Sagittal view of the clinical lung test data set using different denoising methods. Spine regions in the sagittal view are zoomed in for easier visual comparison. First column: EM image smoothed by Gaussian denoising; second column: EM images smoothed by NLM denoising; third column: EM image denoised by CNN trained from simulated phantom; fourth column: EM image denoised by CNN from real data only; fifth column: EM image denoised by CNN with fine-tuning. Permission to reuse this figure obtained from Gong et al 2018.

One unique feature of PET is its intrinsic dynamic-imaging ability, by which tracer pharmacokinetic parameters and corresponding physiologic information can be derived [149]. In dynamic imaging, the collected coincidence data are divided into various frames in time. Based on specific kinetic models [150], parametric images, reflecting metabolism rate, receptor binding or perfusion rate, can be derived. Compared to static PET imaging with the same scanning time, the image quality of parametric images can be much worse for compartmental models due to the ill-posedness of the fitting procedure. There are two ways that a CNN can be applied to improve dynamic PET imaging. The first approach is to use a neural network to denoise dynamic PET images before the kinetic fitting step, by processing either one frame at a time [139] or all frames together [151, 152]. The frame-by-frame approach is similar the static PET image denoising, but the variation in tracer distribution and noise level among the dynamic PET frames requires special handling.
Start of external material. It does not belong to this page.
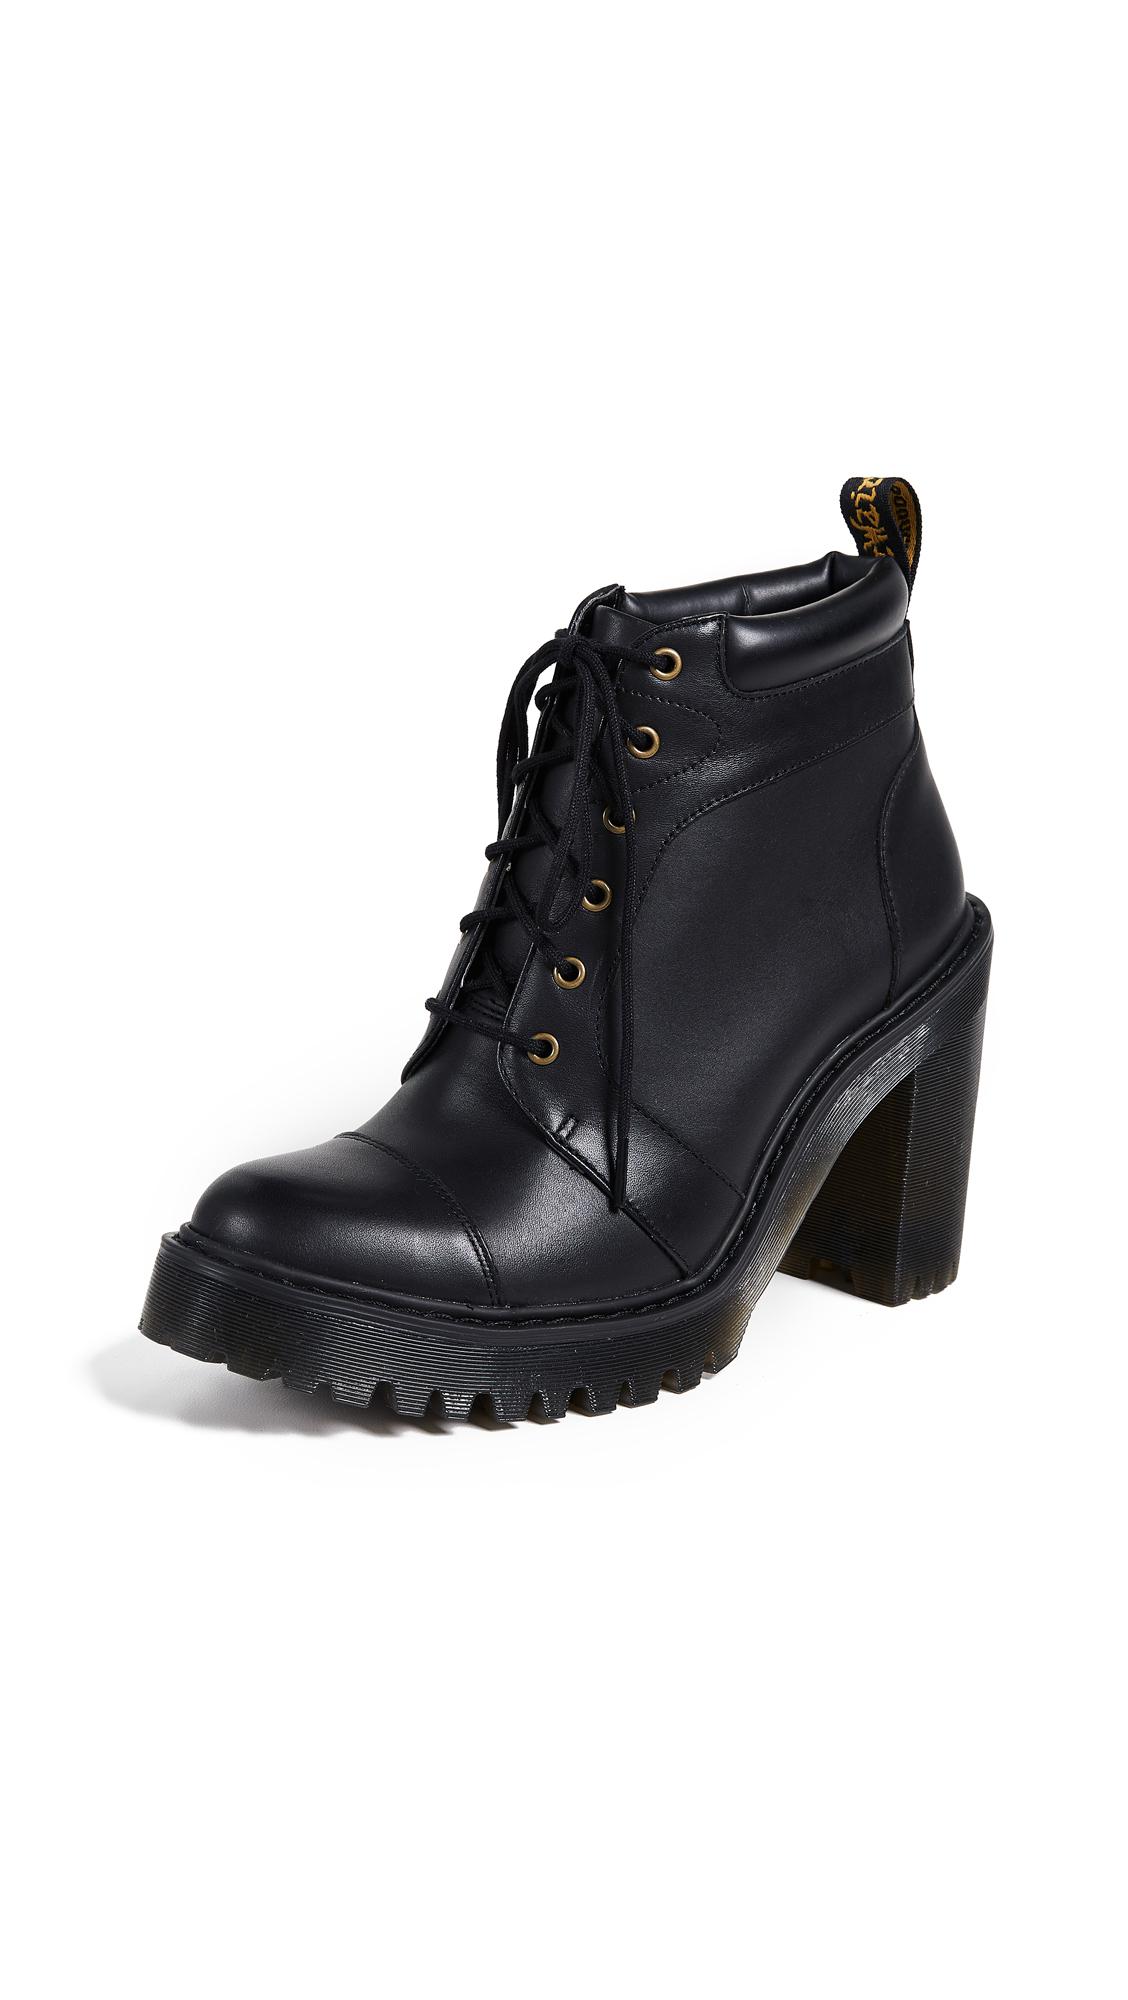 Dr. Martens Averil 6 Eye Boots - Black

In contrast, processing all the frames together can exploit both spatial and temporal information. The second approach is to train a network to map dynamic PET images to corresponding parametric images directly. Such direct mapping is especially useful for PET data with missing time points. For example, in [153] dynamic PET images from a partial scan, along with MR images providing cerebral blood flow (CBF) and structure information, were used to predict binding potential (BP) images derived from the full 60-min scan. The use of a CNN avoids the difficulty of providing an explicit model between the MR information and the binding potential. The BP image generated by the network shows better image quality than those derived based on the simplified reference tissue model with partial data. However, such approaches are difficult to implement to improve the image quality of parametric images derived from the full 60-min scan, because of the lack of even longer dynamic PET scans. To address this issue, a modified deep image prior framework, which included the kinetic modeling in the training function, was applied to parametric image estimation based on the Logan plot [154]. The network input is the CT prior image and the network output is the parametric image. The network was trained during the parametric image estimation and no high-quality reference image was required in this approach.
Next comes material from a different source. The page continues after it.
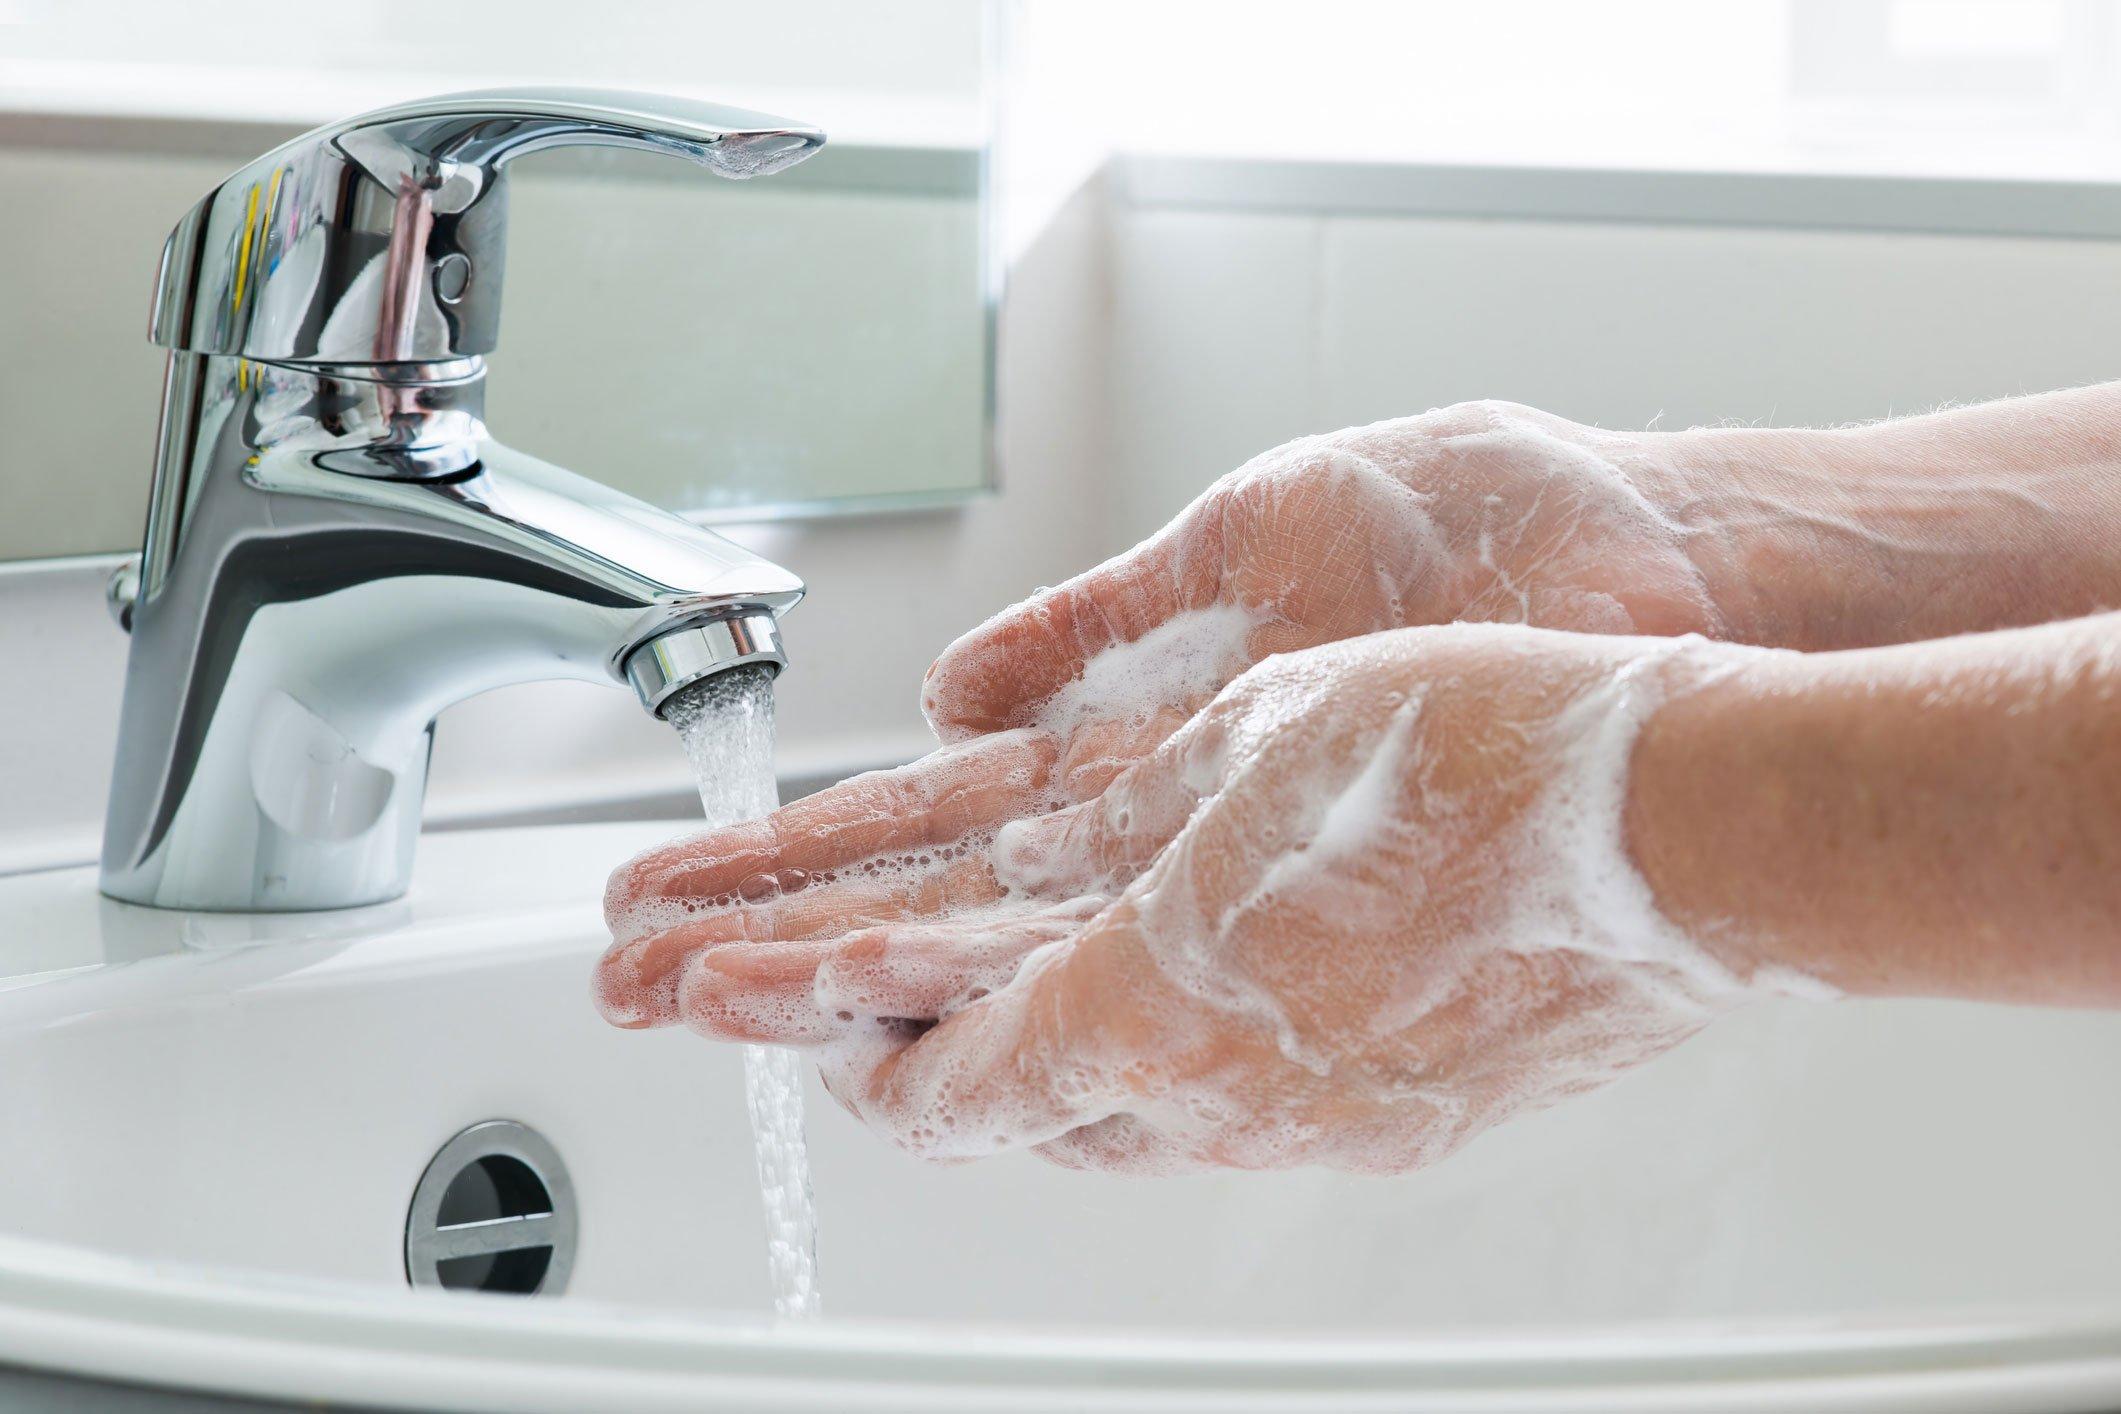 Coronavirus advice washing hands with water and soap

In summary, various studies have applied deep learning approaches to static and dynamic PET image denoising and show better performance than state-of-the-art methods. Currently most of the experiments are based on using 18F-FDG as the tracer, with some studies on 18F-Florbetaben for amyloid imaging [135], 11C-UCB-J for synaptic density imaging [139], and 68Ga-PRGD2 for lung cancer studies [136]. Obviously, patterns of tumor uptake in oncology studies is totally different from amyloid imaging in dementia studies. Whether a network trained using existing tracers can be applied to PET scans of a new tracer is unclear and deserves more study [155]. In addition, recurrent neural networks (RNNs) can also be considered for dynamic PET imaging to utilize the temporal information. Another important topic for dynamic imaging is the estimation of the blood input function (radiotracer activity in the arterial blood as a function of time). Whether we can use the deep learning approach to determine the blood input function based on partial data needs further experimental validation.

D. Image reconstruction

Apart from image denoising, machine learning methods have also been incorporated in PET image reconstruction. Here we only cover deep neural network-based image reconstruction methods. For other machine learning approaches, readers are referred to another review article in this issue dedicated to image reconstruction [156].
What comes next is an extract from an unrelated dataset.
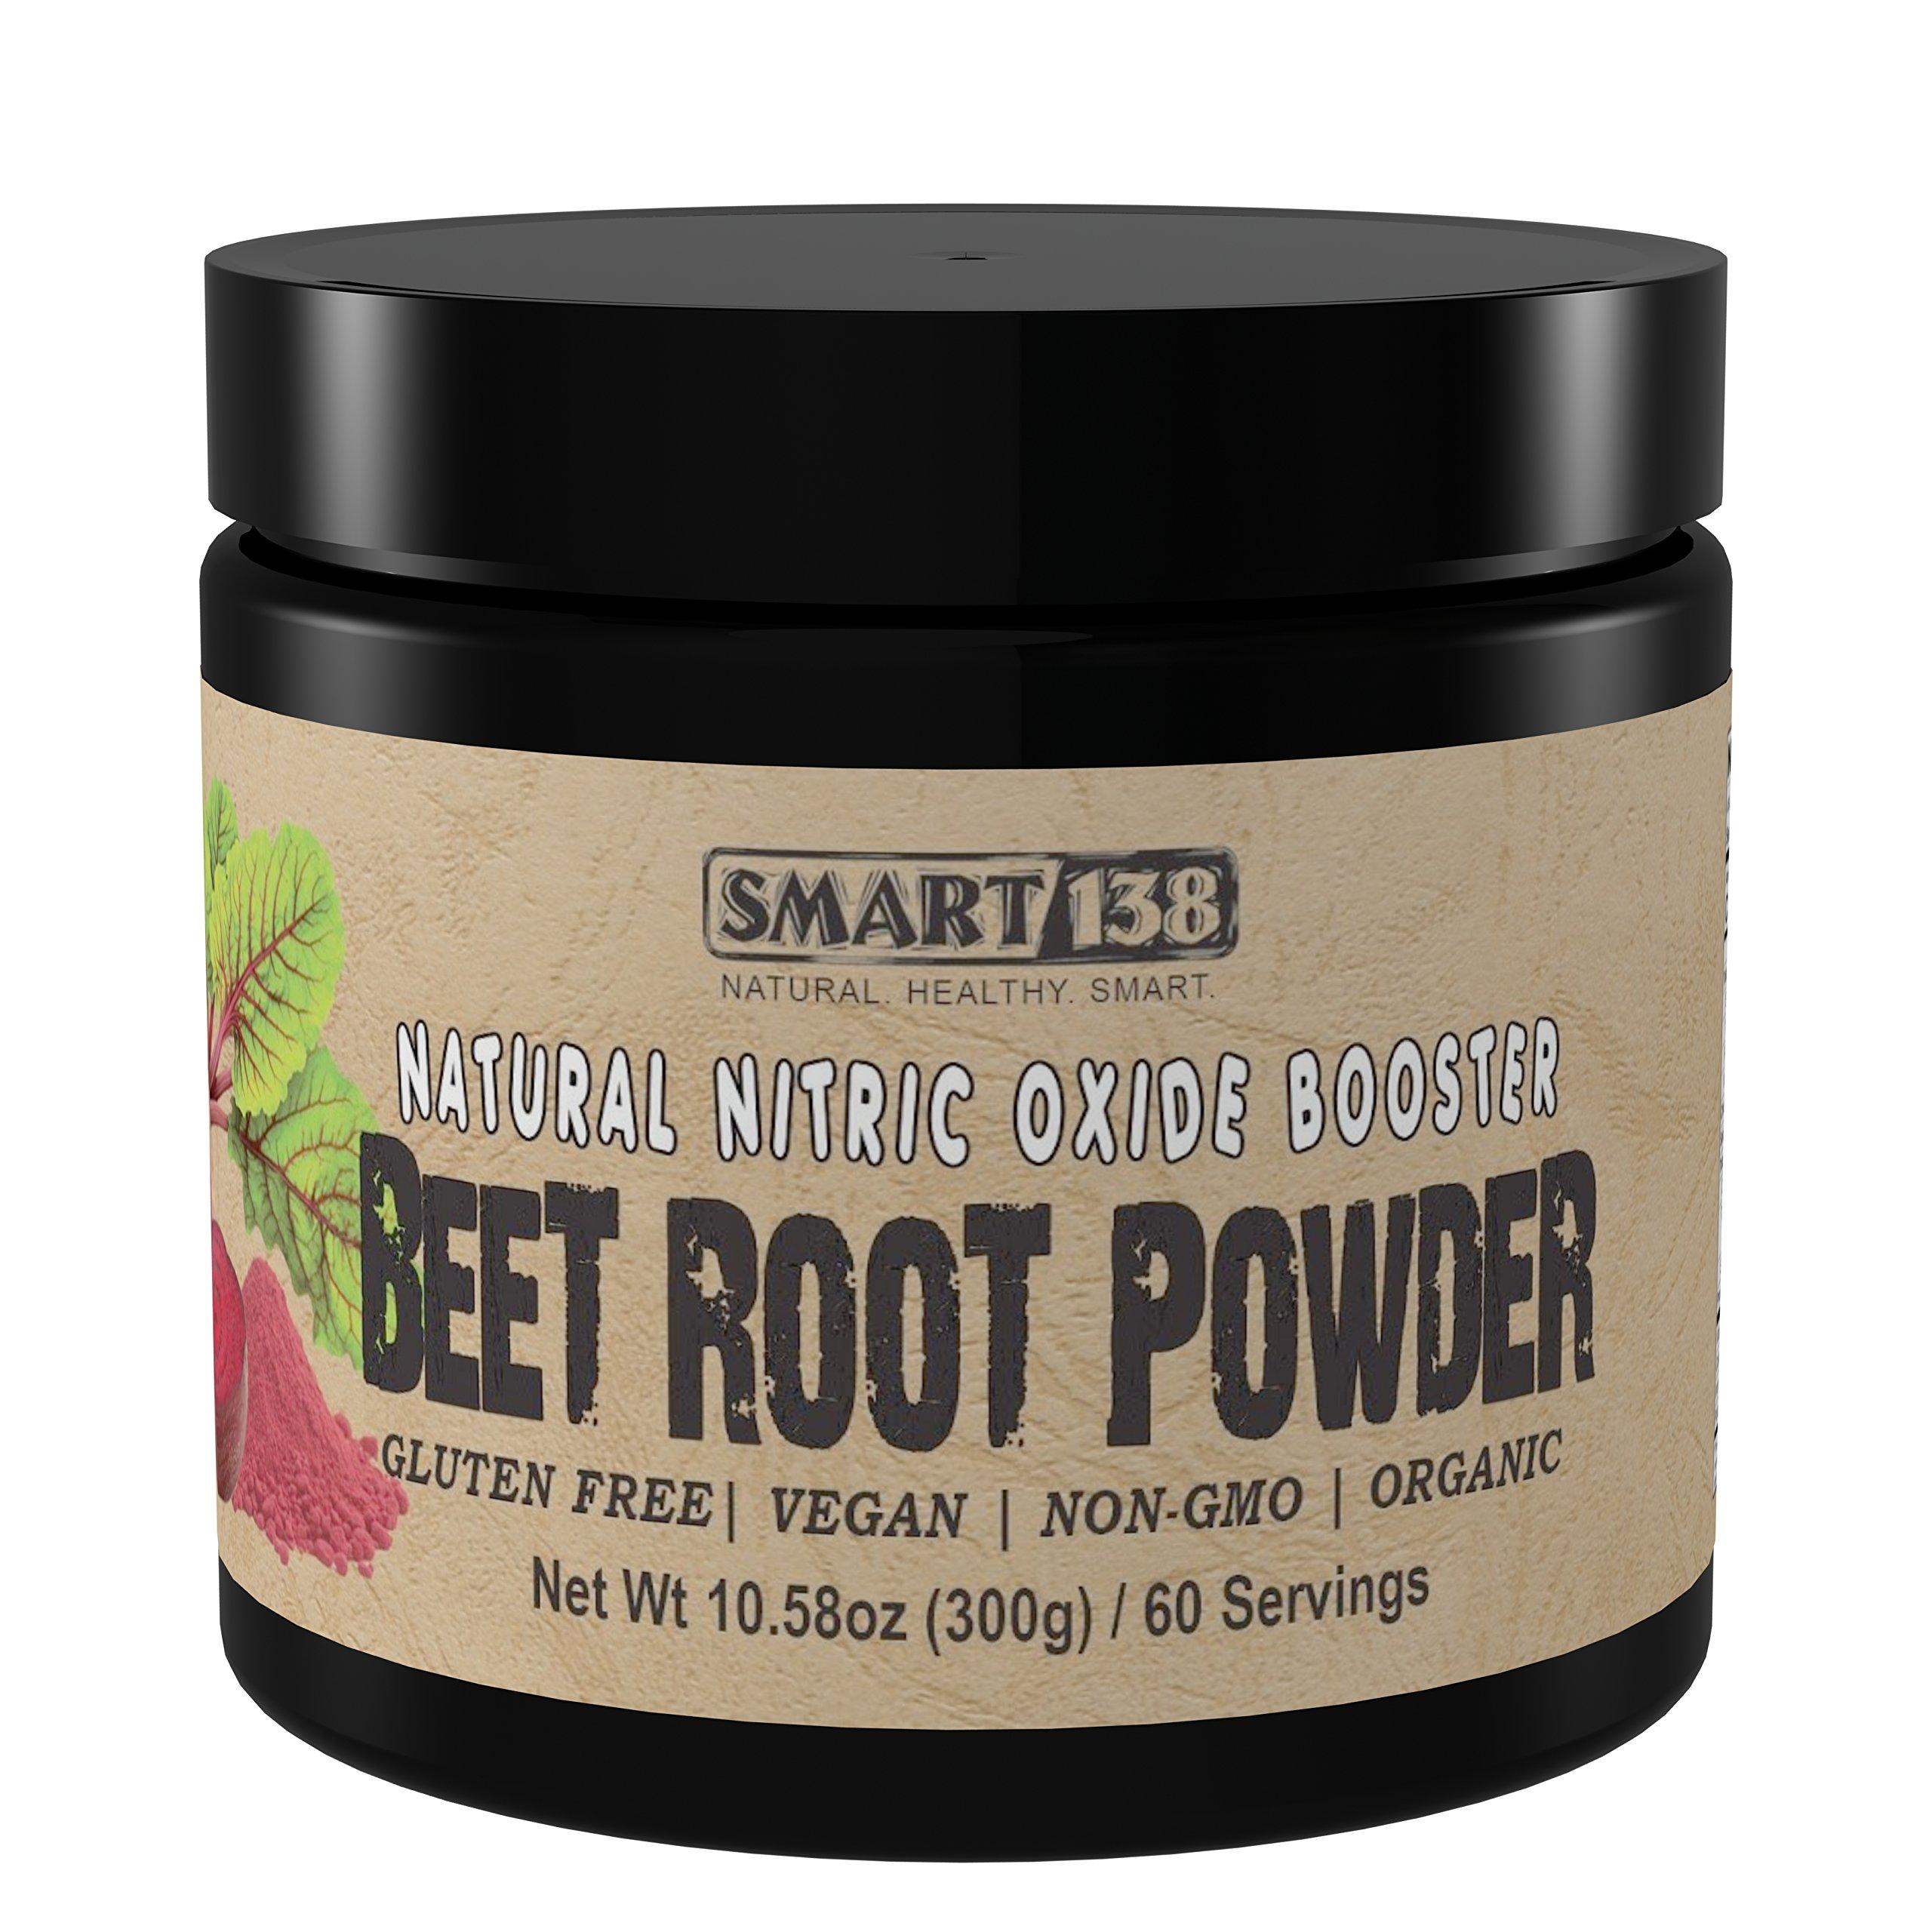 100% Organic Beet Root Powder (300g / 10.58oz) Premium Natural Nitric Oxide Booster

Most existing studies focus on the penalized likelihood reconstruction framework where the unknown PET image is estimated by

x^=argmaxx>0L(yx)βU(x). (3.4)

L(yx) is the log-likelihood function and βU(x) is a penalty function with β being the hyperparameter. A neural network can be used either inside the penalty function βU(x) or replace it altogether. Because of the additional constraint from the log-likelihood function L(yx), the reconstruction approach is expected to be more robust to the mismatches between the training and testing data than the denoising approach.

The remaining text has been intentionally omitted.